Without any images, write the data out exactly as it appears.
Information provided START
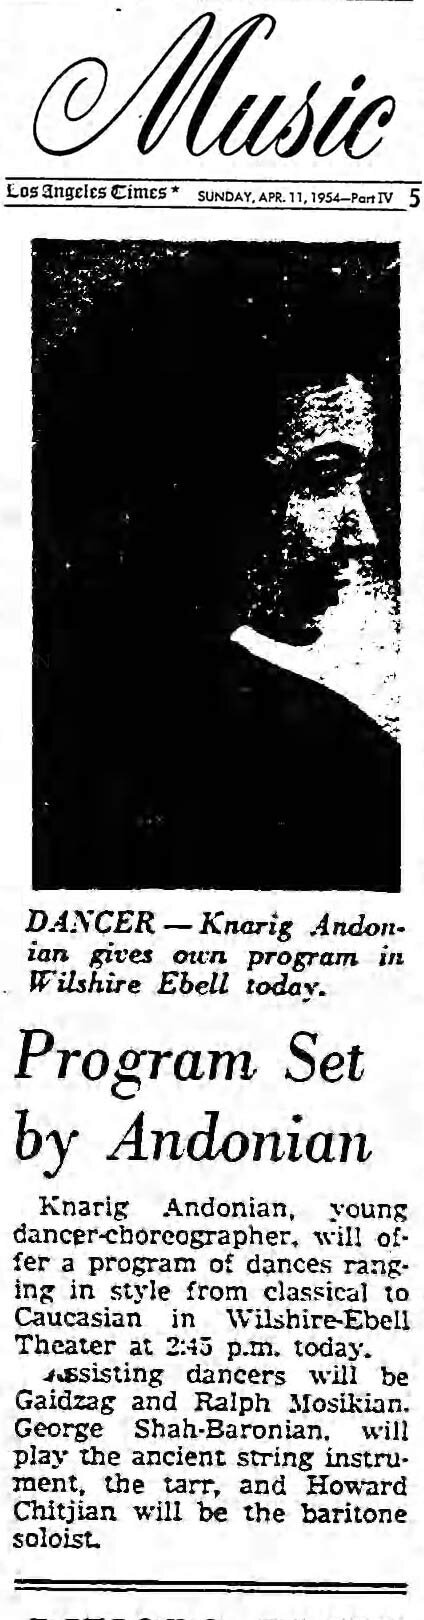  Listing for a performance of dancer Knarig Andonian accompanied on tar by George Shah-Baronian, in Sunday, April 11, 1954 issue of the Los Angeles Times (Image:  newspapers.com ) 
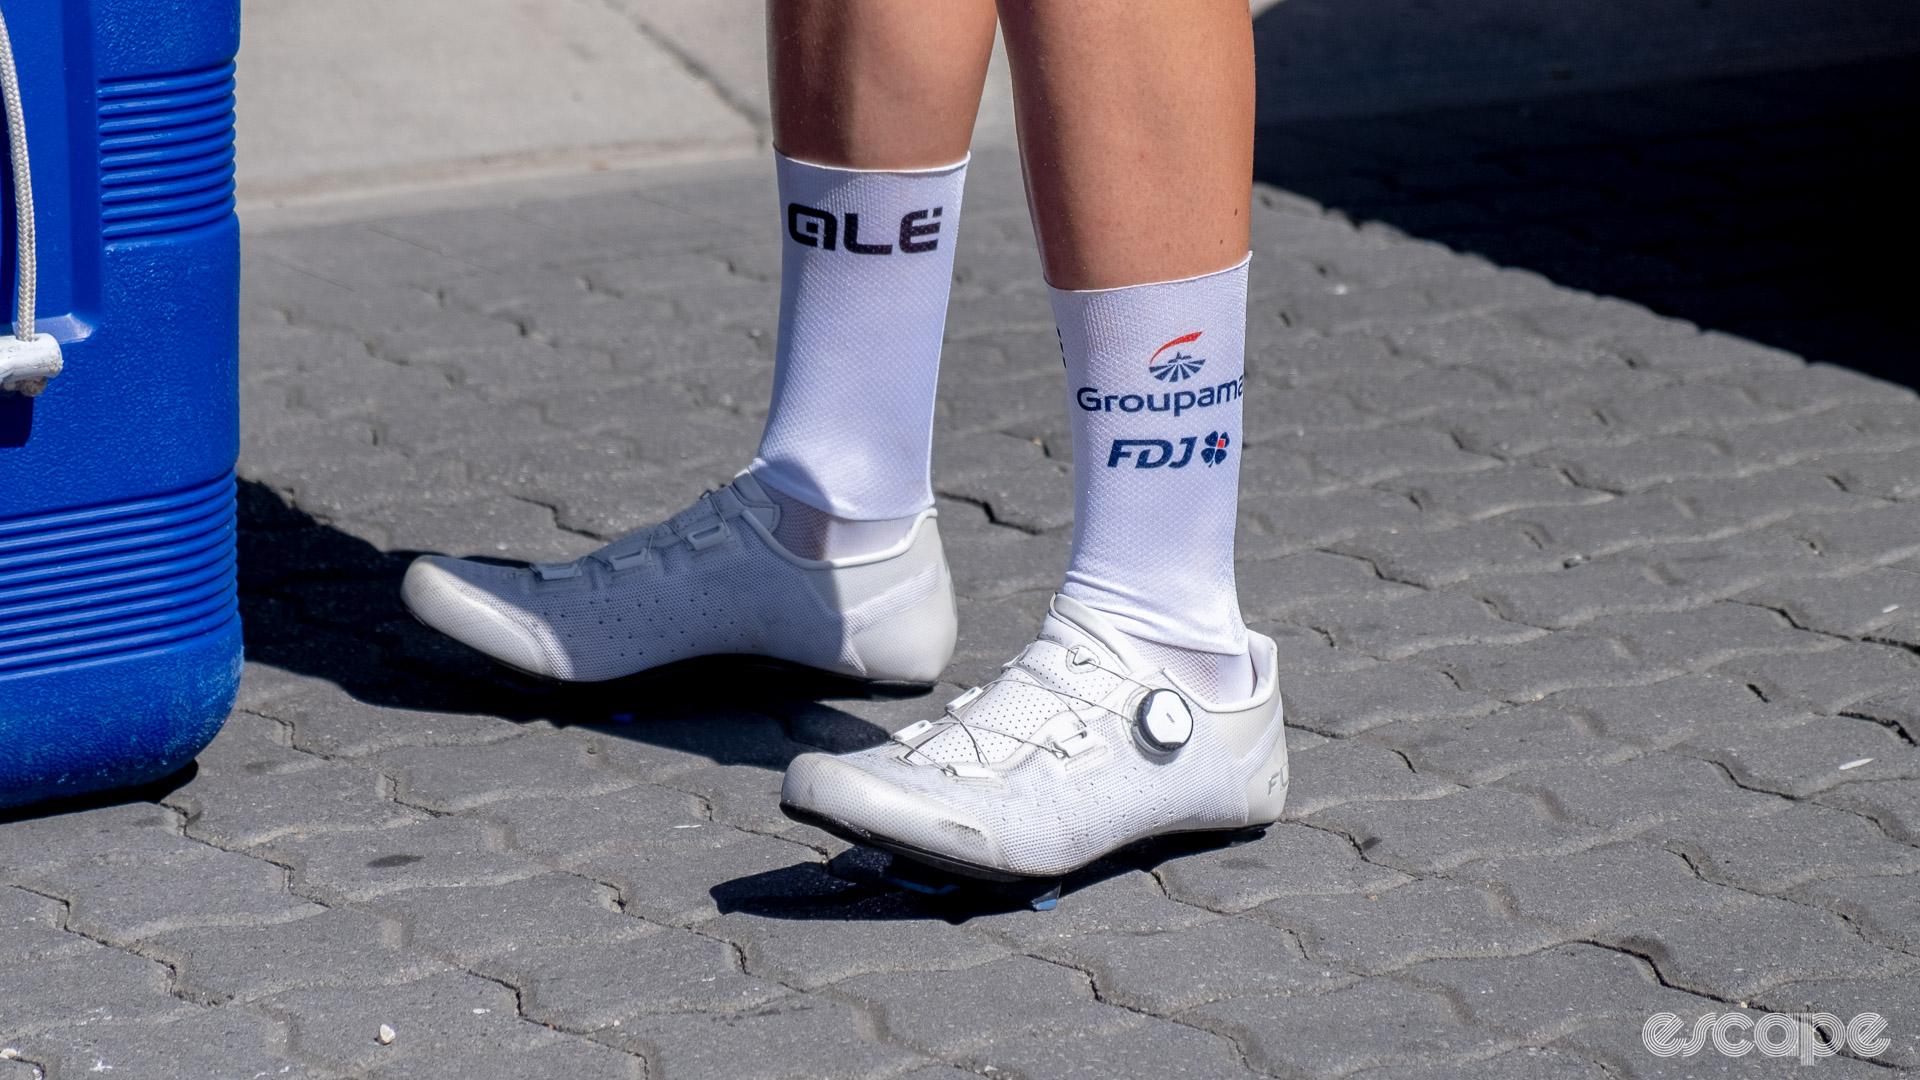 The photo shows FLR cycling shoes
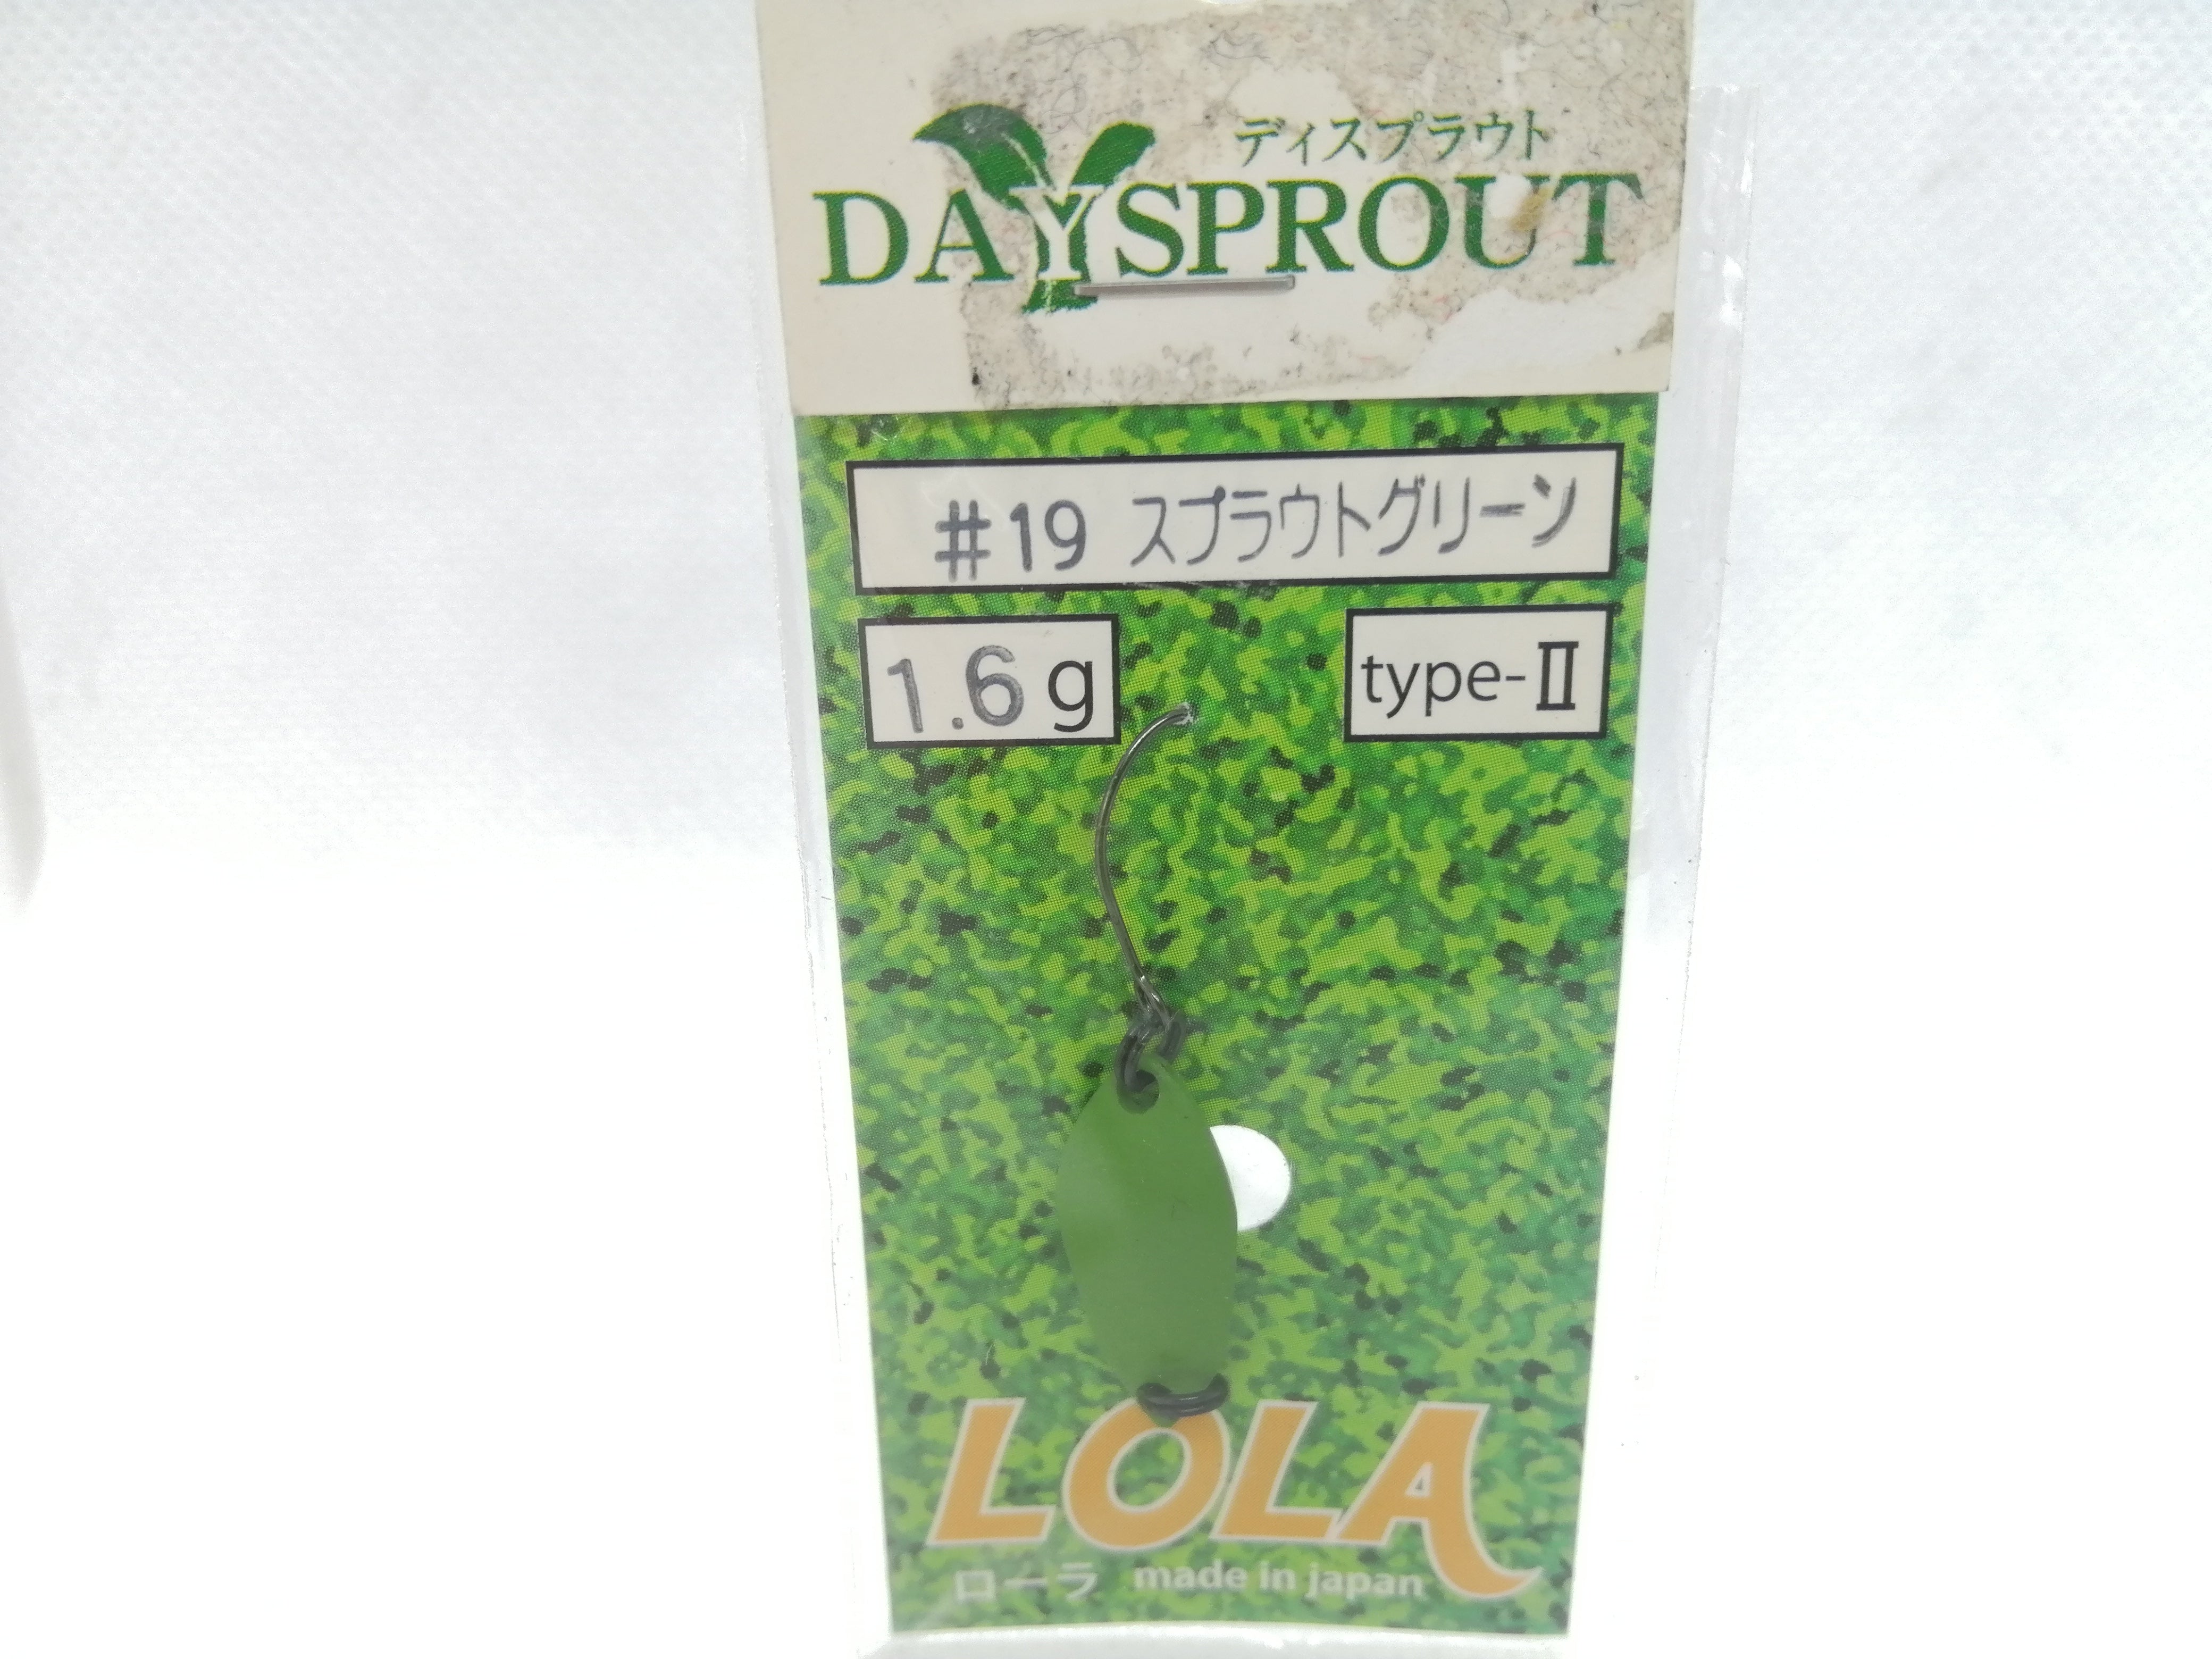 Lola type-II 1.6g #19 Sprout Green
Information provided END
# Response to the task
  Listing for a performance of dancer Knarig Andonian accompanied on tar by George Shah-Baronian, in Sunday, April 11, 1954 issue of the Los Angeles Times (Image:  newspapers.com ) 
 The photo shows FLR cycling shoes
 Lola type-II 1.6g #19 Sprout Green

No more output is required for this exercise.